兵庫県南部地震記録紙 1995年1月17日午前5時46分 M7.2−この経験を今後に生かすために−
社団法人兵庫県放射線技師会 平成7年1月 P190〜P193


阪神大震災を振り返って!

兵庫県立西宮病院 藤田 欣邦

 我が家は明石市内の西端で、震度4程度の横揺れであまり影響を受けずに済みましたが、朝から交通機関が壊滅状態で出勤できず、当日の病院の状況が把握できませんでした。
 翌日タクシーをチャーターして裏六甲から西宮市内に入り夕方4時半ごろ病院に到着。当日の状況は、院内ニュース「宮水」より抜粋して記入しています。

《直後の状況》

 1月17日未明の兵庫県南部大地震は淡路、北淡町、神戸市内、阪神地区と広範囲にわたり直撃した。病院は被災地内にあって震度6の激震により、新館、2号棟、3号棟に大きな被害を受けた。停電のなか当直医師、看護婦は入院患者の状態確認に走り回っている頃、午前6時には正面玄関、救急センター入口に家屋の倒壊により梁や家具の下敷きで、多数の被災外傷者、被災死亡者が戸板や畳などで次々と搬入されて病院はパニック状態に陥った。

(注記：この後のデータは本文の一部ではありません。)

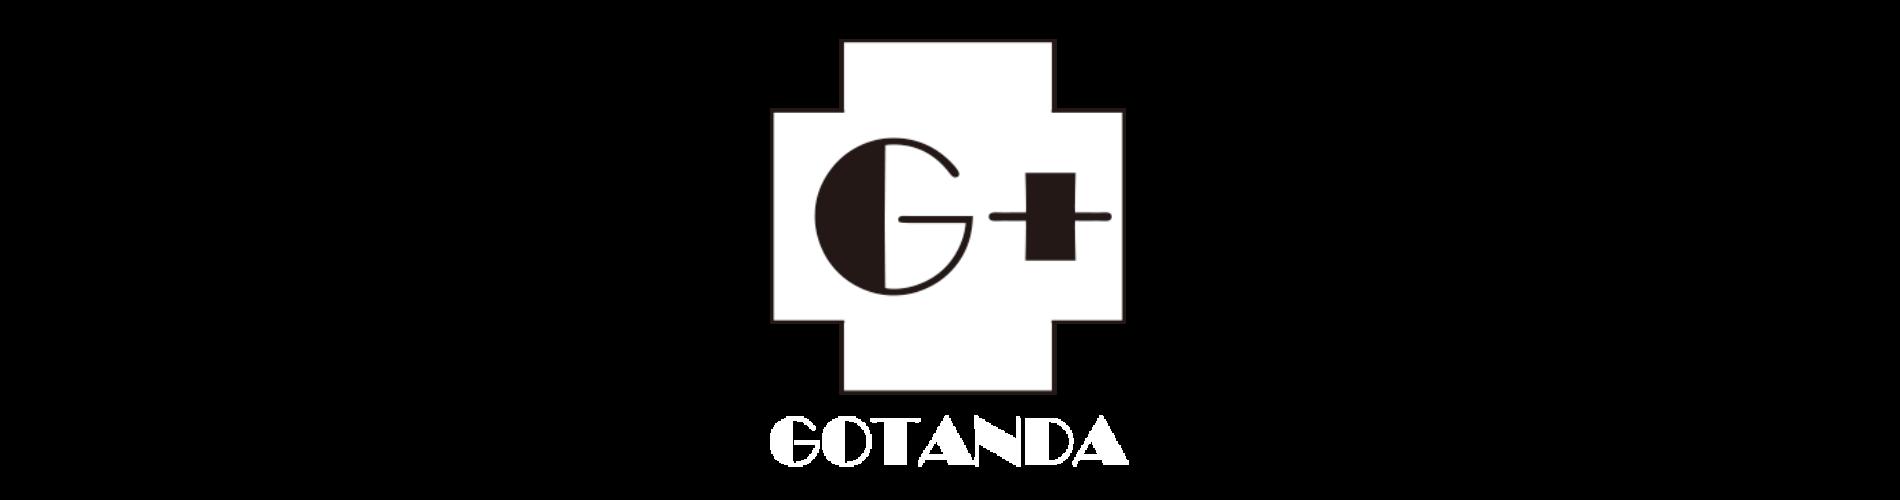 GOTANDA G+
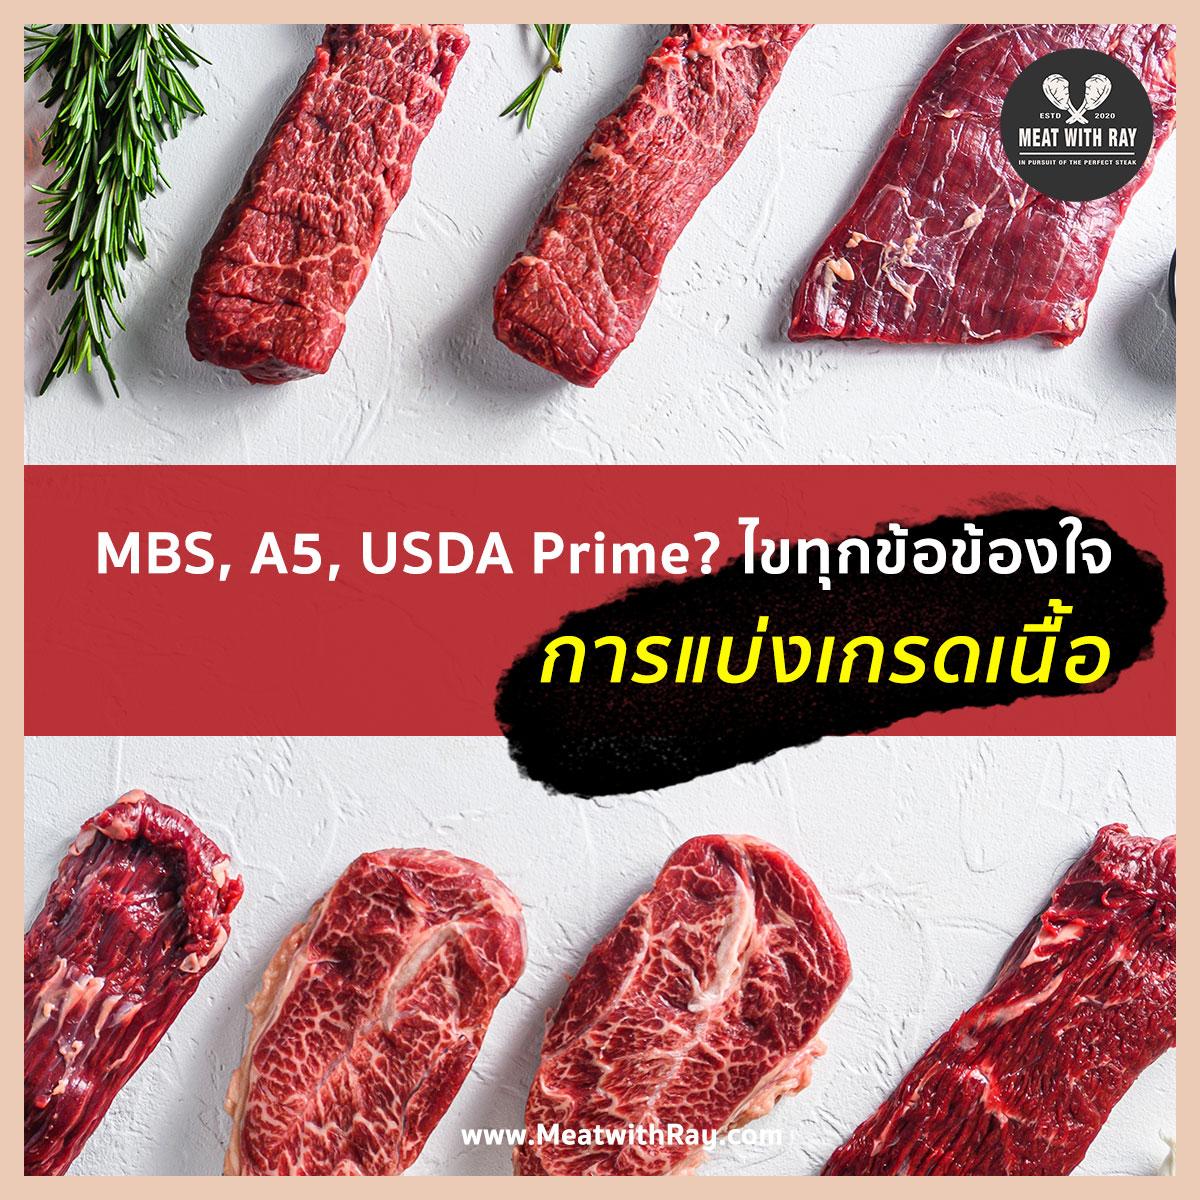 ไขทุกข้อข้องใจของการแบ่งเกรดเนื้อ   อ่านที่นี่: https://t.co/Djpzt4qNTM  #MeatwithRay #LittleSecretofAGreatSteak #Barbecue #Wagyu #Grill #Steak https://t.co/AAWb94Riil

そのうちに、周辺の被災地域から急遽出勤した職員と周辺居住の他病院に勤務する医師、看護婦の応援で、これらのチームワークにより適切なトリアージ、緊急手術を含む応急治療、ヘリコプターなどによる迅速な搬送が実施された。
 午前9時30分、2号棟リハビリ室を急遽指令室兼死体安置所としたが、そこもたちまち死者で埋まってしまう。10時ごろ、余りにも重軽傷の外傷患者が多いので、X線写真の必要性から、なんとか撮影出来ないかとの要望を受ける。

《当日技師の対応》

 直後は当直者1名でどうする事も出来なかった。被災地で家屋が半壊したにもかかわらず自転車・徒歩等で3名(1名は午後より)が出勤する。(平常の1/5)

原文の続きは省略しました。